Supplied material Start Marker

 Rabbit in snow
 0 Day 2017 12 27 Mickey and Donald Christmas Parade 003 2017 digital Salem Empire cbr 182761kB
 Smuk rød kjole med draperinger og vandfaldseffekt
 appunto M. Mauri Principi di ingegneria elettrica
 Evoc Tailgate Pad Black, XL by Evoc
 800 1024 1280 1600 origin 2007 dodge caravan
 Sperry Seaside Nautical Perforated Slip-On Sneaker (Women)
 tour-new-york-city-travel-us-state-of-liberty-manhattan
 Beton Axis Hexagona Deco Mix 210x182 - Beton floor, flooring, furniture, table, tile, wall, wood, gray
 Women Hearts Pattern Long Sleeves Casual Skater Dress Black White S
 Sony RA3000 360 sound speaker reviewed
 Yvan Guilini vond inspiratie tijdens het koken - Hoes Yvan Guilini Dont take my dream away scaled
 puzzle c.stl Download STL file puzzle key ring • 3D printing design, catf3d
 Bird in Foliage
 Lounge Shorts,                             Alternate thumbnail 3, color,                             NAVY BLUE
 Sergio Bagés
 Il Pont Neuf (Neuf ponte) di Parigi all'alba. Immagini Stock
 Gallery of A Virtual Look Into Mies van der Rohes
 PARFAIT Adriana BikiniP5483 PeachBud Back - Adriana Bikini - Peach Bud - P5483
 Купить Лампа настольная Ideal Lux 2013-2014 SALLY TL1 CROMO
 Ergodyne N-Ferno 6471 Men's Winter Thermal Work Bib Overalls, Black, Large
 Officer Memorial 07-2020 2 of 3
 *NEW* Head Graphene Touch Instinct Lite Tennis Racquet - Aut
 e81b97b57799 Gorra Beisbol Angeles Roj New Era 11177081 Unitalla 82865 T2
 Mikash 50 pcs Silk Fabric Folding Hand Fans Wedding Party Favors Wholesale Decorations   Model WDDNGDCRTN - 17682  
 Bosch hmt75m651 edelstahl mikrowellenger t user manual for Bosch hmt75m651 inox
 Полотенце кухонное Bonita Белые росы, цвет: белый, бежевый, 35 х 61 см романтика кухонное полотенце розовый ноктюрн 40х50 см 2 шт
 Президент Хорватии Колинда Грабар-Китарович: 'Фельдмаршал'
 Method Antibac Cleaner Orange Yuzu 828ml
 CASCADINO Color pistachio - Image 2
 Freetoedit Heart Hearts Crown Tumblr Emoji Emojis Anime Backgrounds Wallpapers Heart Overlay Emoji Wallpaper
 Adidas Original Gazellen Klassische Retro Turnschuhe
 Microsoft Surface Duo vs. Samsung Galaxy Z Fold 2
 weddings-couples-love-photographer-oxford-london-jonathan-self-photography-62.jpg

Supplied material End Marker

Everything from the line containing "Bosch hmt75m651 edelstahl" down to the last line of the entries is to be returned exactly, both ends included, and nothing beyond it.

 Bosch hmt75m651 edelstahl mikrowellenger t user manual for Bosch hmt75m651 inox
 Полотенце кухонное Bonita Белые росы, цвет: белый, бежевый, 35 х 61 см романтика кухонное полотенце розовый ноктюрн 40х50 см 2 шт
 Президент Хорватии Колинда Грабар-Китарович: 'Фельдмаршал'
 Method Antibac Cleaner Orange Yuzu 828ml
 CASCADINO Color pistachio - Image 2
 Freetoedit Heart Hearts Crown Tumblr Emoji Emojis Anime Backgrounds Wallpapers Heart Overlay Emoji Wallpaper
 Adidas Original Gazellen Klassische Retro Turnschuhe
 Microsoft Surface Duo vs. Samsung Galaxy Z Fold 2
 weddings-couples-love-photographer-oxford-london-jonathan-self-photography-62.jpg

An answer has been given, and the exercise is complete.